Der Kanzler wurde auch beschenkt. »Chanukka gibt es bekanntlich immer Geschenke«, sagte Diana. »Und darüber freuen sich Kinder am meisten«, so Chaim – und fügte hinzu: »Wir wissen, wie schwer es ist, ein Geschenk zu bekommen und es nicht zu öffnen. Sie dürfen daher von der Bühne gehen und es aufmachen.«
Der Kanzler schmunzelte, mit einem breiten Grinsen setzte er sich und öffnete das Geschenk – eine kleine Chanukkia. »Chanukka sameach, Herr Bundeskanzler«, schmetterten die 250 Schüler unisono, bevor Scholz die Aula verließ, um im kleinen Kreis mit ukrainischen Flüchtlingskindern der Willkommensklasse der Heinz-Galinski-Schule zu sprechen.
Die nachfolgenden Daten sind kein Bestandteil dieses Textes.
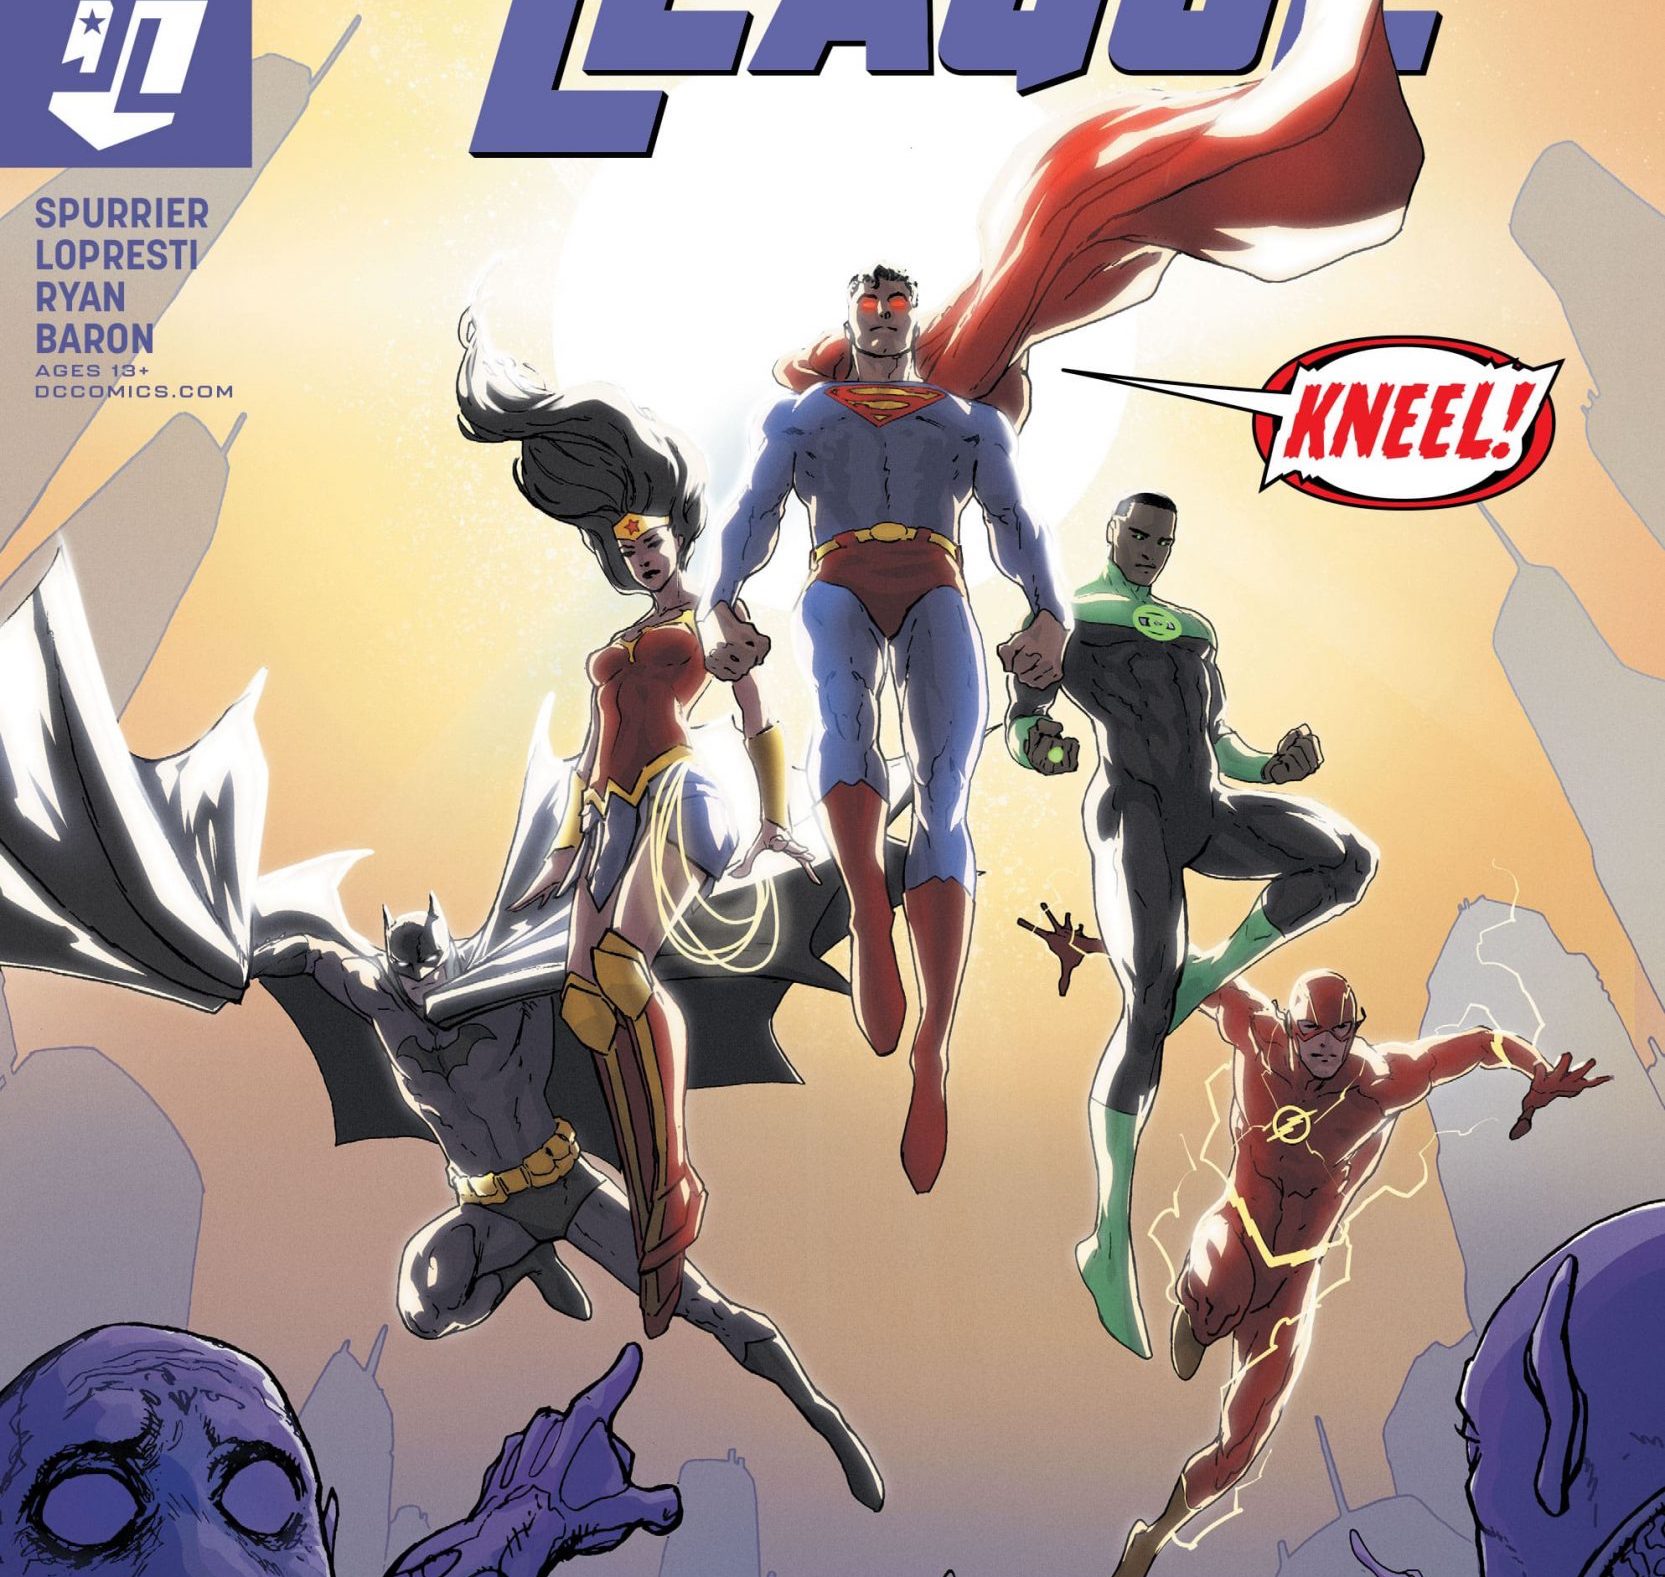 'Justice League' #48 review: Good sci-fi and great team chemistry

Aufregung »Er war sehr nett«, sagte ein Schüler nach dem Besuch des Kanzlers. »Er erinnert mich an meinen Onkel, den ich mag«, sagte ein anderer Junge. »Ich war vor dem Singen sehr aufgeregt. Aber ich habe ihn mir viel größer vorgestellt, deswegen war die Aufregung schnell weg«, verriet eine Zweitklässlerin etwas kryptisch.
Scholz jedenfalls schien den bunten Besuch sehr zu genießen. Ein kleines Chanukka-Wunder: ungewohnt locker, leicht, beschwingt und ebenso herzlich wie zugewandt – diesen Eindruck hinterließ der Bundeskanzler beim Lichterzünden in der Galinski-Grundschule.